The 12,000 FUE position reflected the historic SAP order forms across two decades of acquisition activity. The customer had bought licenses for projects that never deployed, retained licenses for employees who had left, and never reconciled the order form against actual usage. License cleanup is a standard first step for any RISE conversion.

How does the BTP overage cap work?

The contract specifies a year over year cap on the BTP consumption rate uplift. If BTP usage doubles in year three, the per unit price cannot rise more than twenty percent over the year two price. The cap protects against the SAP discount erosion that often hits BTP consumers in years three and four.

Was third party support a real option in the negotiation?

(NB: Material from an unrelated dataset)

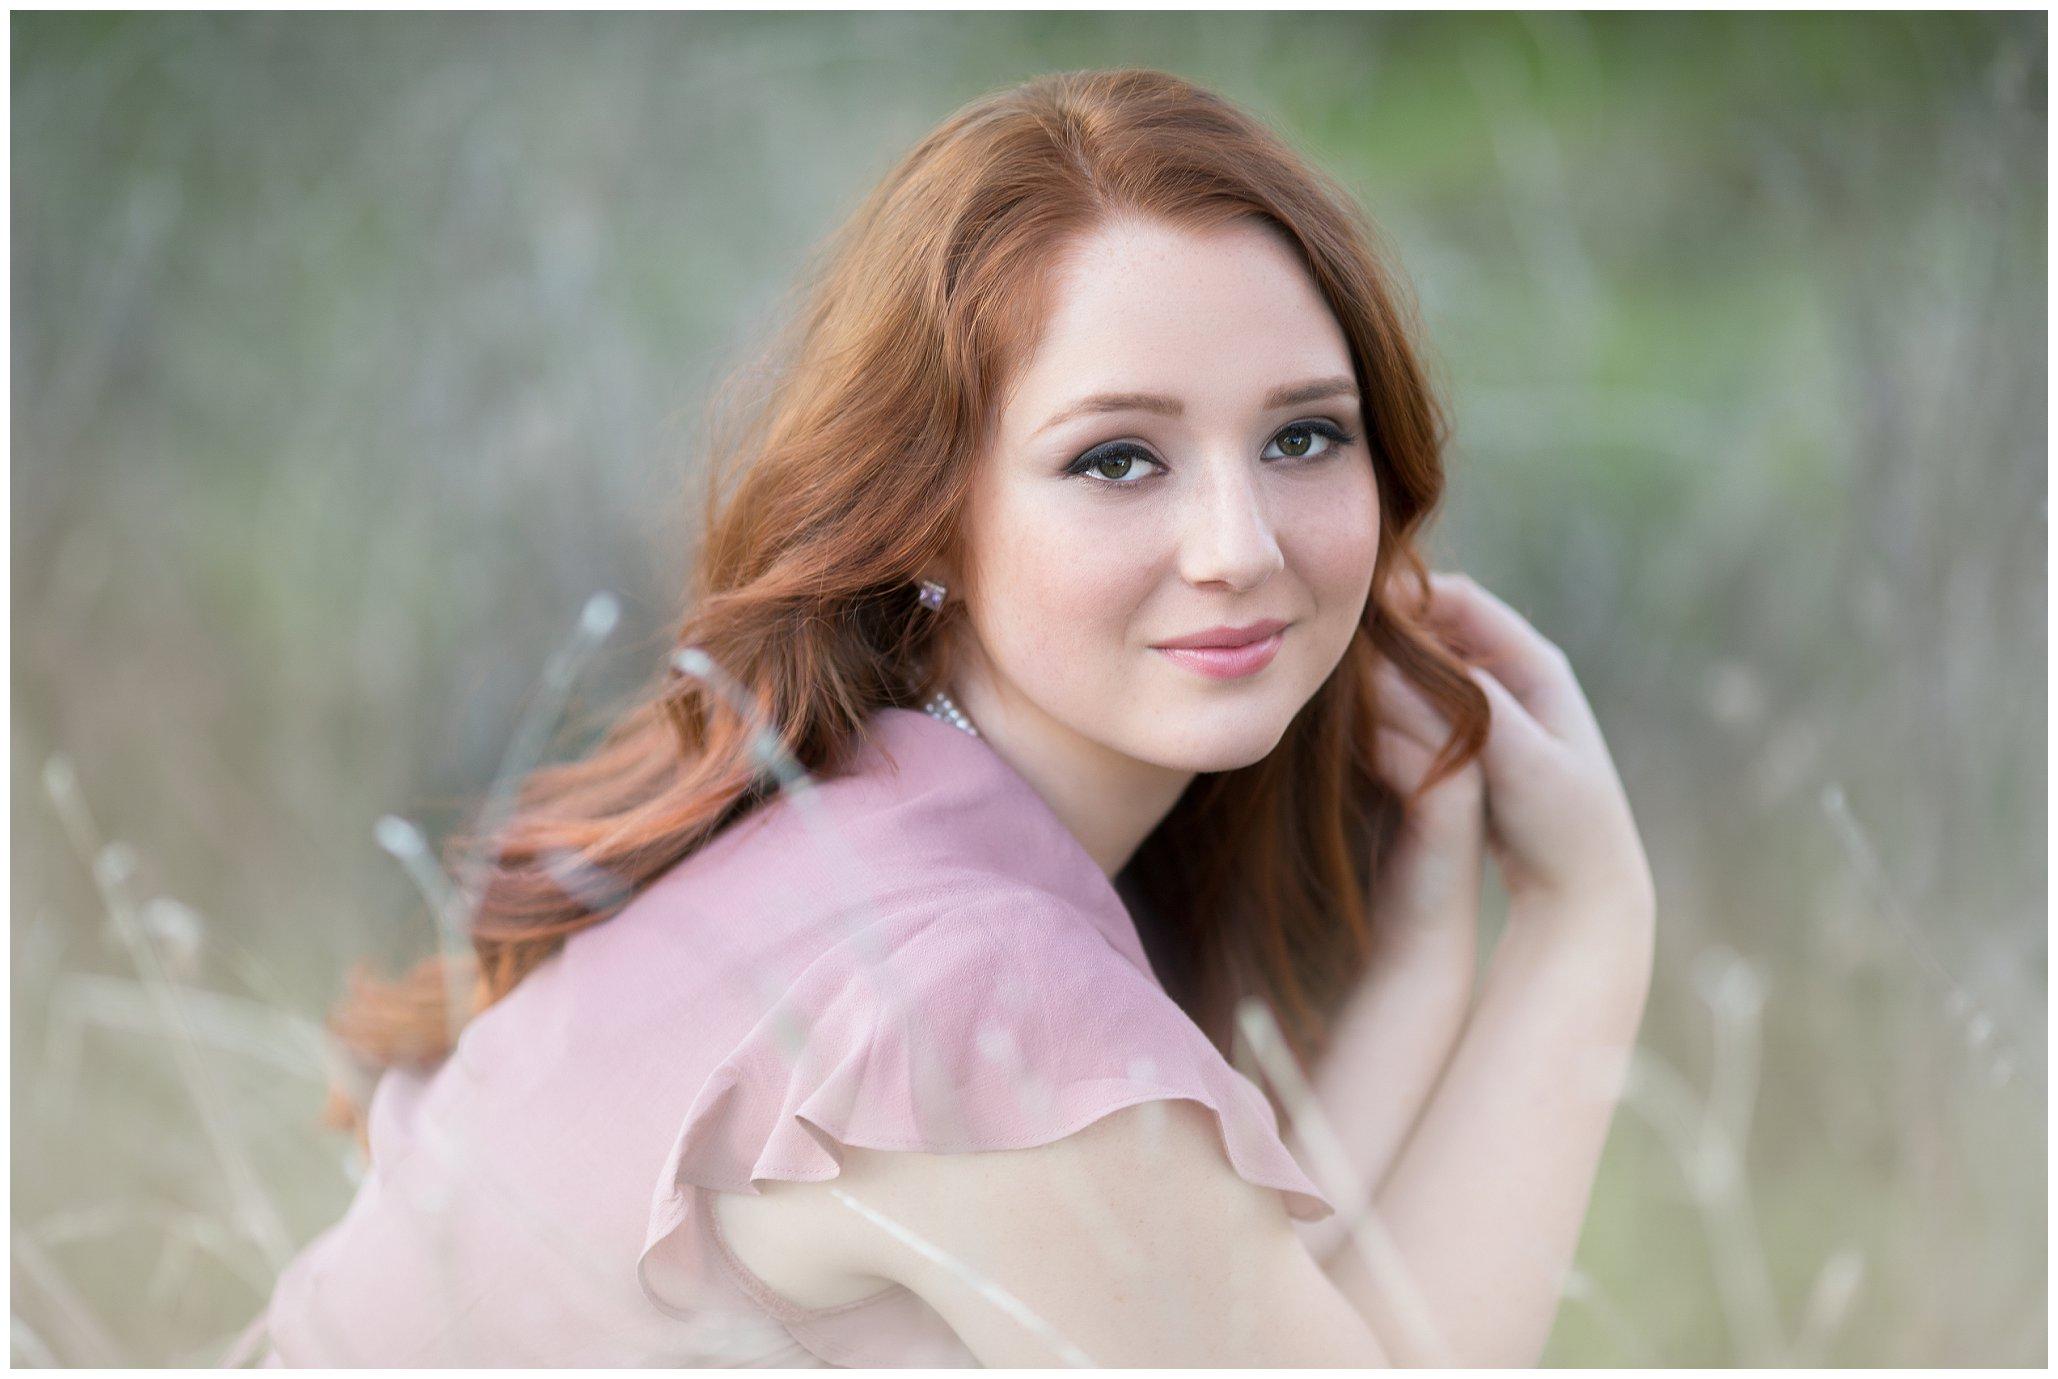 redhead-senior-portraits-del-campo-high-school_0256.jpg

Yes. Rimini Street and Spinnaker Support both quoted on the existing ECC estate at roughly fifty percent of the SAP annual support fee. The third party quote functioned as a real BATNA throughout the negotiation. The customer reserved the right to keep ECC and use third party support if the RISE price did not move.

What did the indirect access redline change?

The contract moved from the document license model to a static read user count. Document licensing prices each document transmitted between non SAP systems and SAP. Static read user prices a fixed user count regardless of document volume. The static model removed the surprise audit exposure that document licensing creates.

How does Redress engage on RISE conversion negotiations?

Redress runs RISE conversion advisory inside the Vendor Shield subscription and the Renewal Program. Every engagement is led by a former SAP commercial executive on the buyer side and supported by the RISE benchmark we maintain across recent conversions at similar scale and geography.

How Redress engages on SAP advisory

Redress runs SAP advisory inside the Vendor Shield subscription, the Renewal Program, the Benchmark Program, and the Software Spend Assessment.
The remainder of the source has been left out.